One of the key participants, Oleksandr Didenko, ran a website that sold stolen identities to foreign IT workers and helped operate “laptop farms,” where U.S.-issued computers were kept so overseas workers could access them remotely. His operation enabled hundreds of fake worker profiles and funneled more than $1.4 million before authorities shut it down. Another defendant, Erick Prince, ran a company that supplied supposedly “certified” IT workers to U.S. businesses, while supporting North Korean workers overseas.
Altogether, these schemes affected over 136 U.S. companies and generated more than $2.2 million for North Korea, money that authorities say helps support the country’s weapons programs. In related actions, the U.S. government also moved to seize more than $15 million in cryptocurrency stolen by a North Korean hacking group involved in global cyber thefts.
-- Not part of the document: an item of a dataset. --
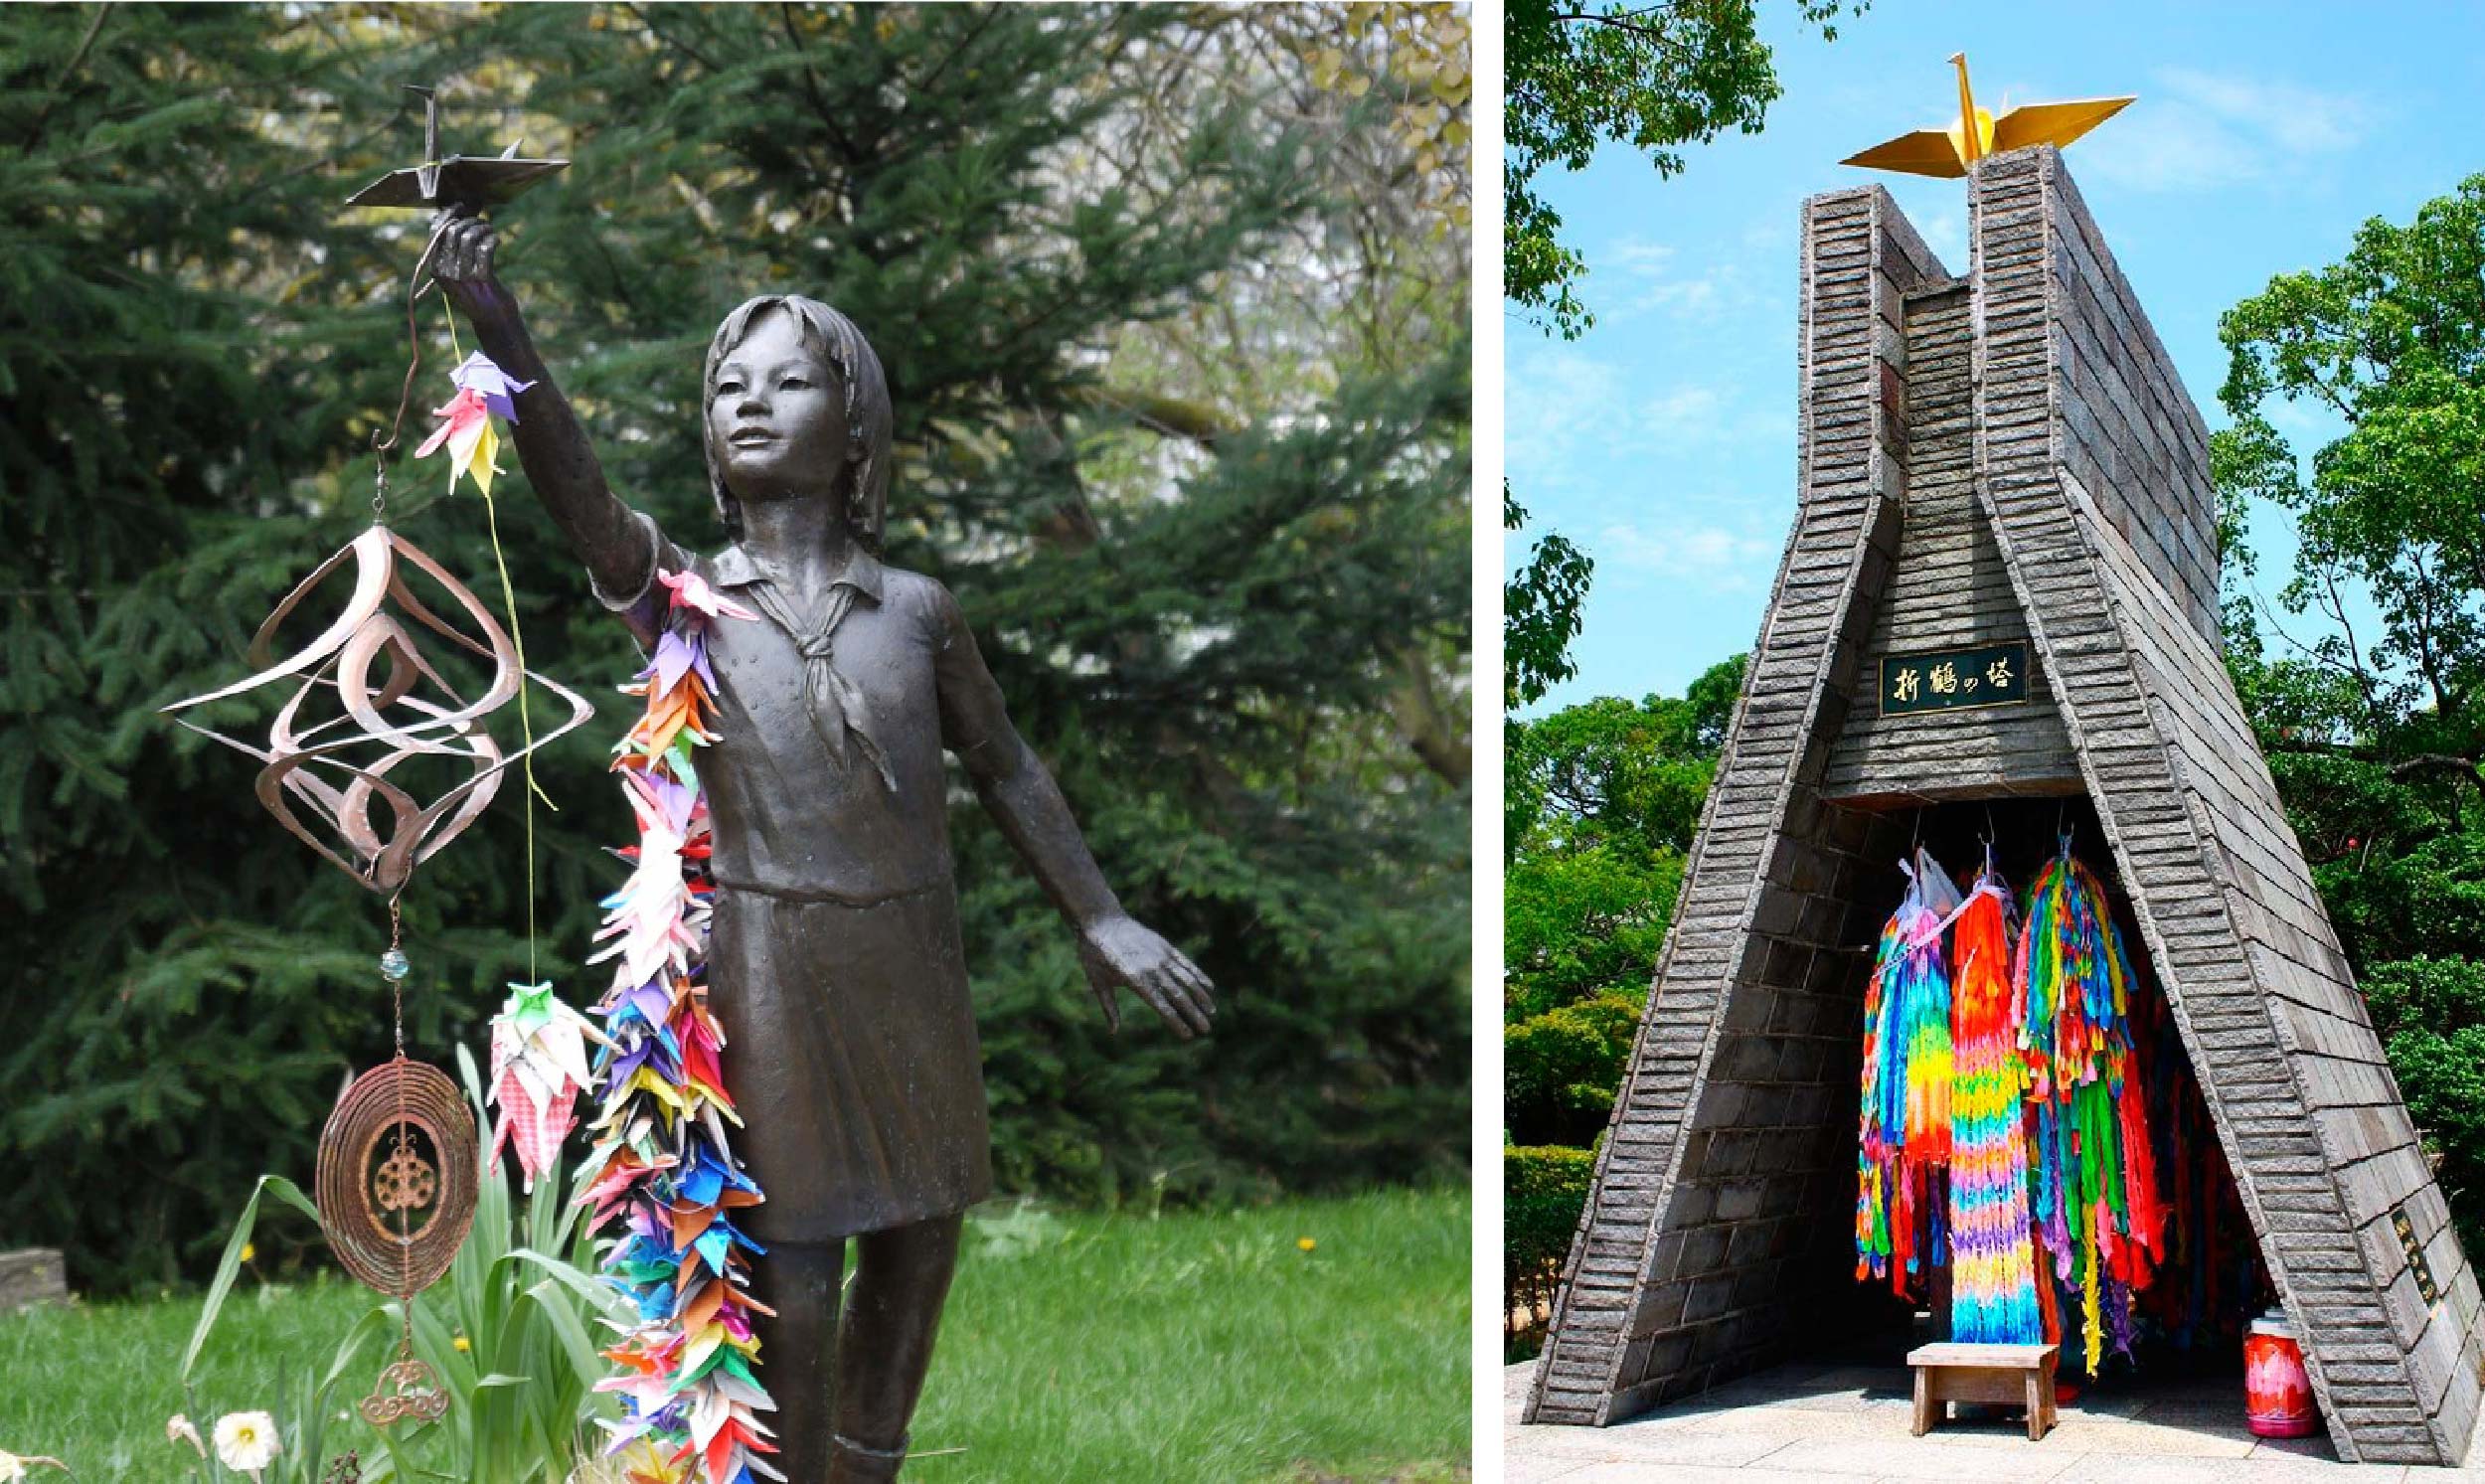 Immagine a sinistra con statua di una bambina cn accessorio fatto di mille origami di gru. Immagine a destra con capanna all'interno della quale ci sono tanti origami di gru.

These efforts are part of a broader push to disrupt North Korea’s long-running strategy of using fake remote workers and cybercrime to evade sanctions and fund its government programs.
Google Sues to Shut Down Massive Global Phishing Service “Lighthouse”
Google has filed a major lawsuit against more than two dozen unknown individuals behind “Lighthouse,” a powerful phishing service based in China. This service helps scammers impersonate trusted companies—like postal services, toll agencies, banks, and online stores—and trick people worldwide into giving up their credit card information. Google says Lighthouse has already harmed more than one million victims in over 120 countries.
Lighthouse is part of a larger criminal network known as the “Smishing Triad,” which sends millions of fake text messages designed to lure people to convincing phishing websites. Once a victim enters their payment information, the scammers immediately try to link that card to a mobile wallet—such as Apple Pay or Google Wallet—on a device they control. With that link in place, criminals can make fraudulent purchases, sometimes days later, without the victim realizing what happened.
Google’s lawsuit aims not only to stop Lighthouse, but also to identify the people running it and disrupt the broader phishing-as-a-service ecosystem. Researchers say the operation is large and well-organized, involving developers, spammers, data suppliers, and fraud specialists. While the legal action may temporarily slow the group down, experts believe the market is so profitable that Lighthouse operators are likely to rebrand or rebuild rather than shut down permanently.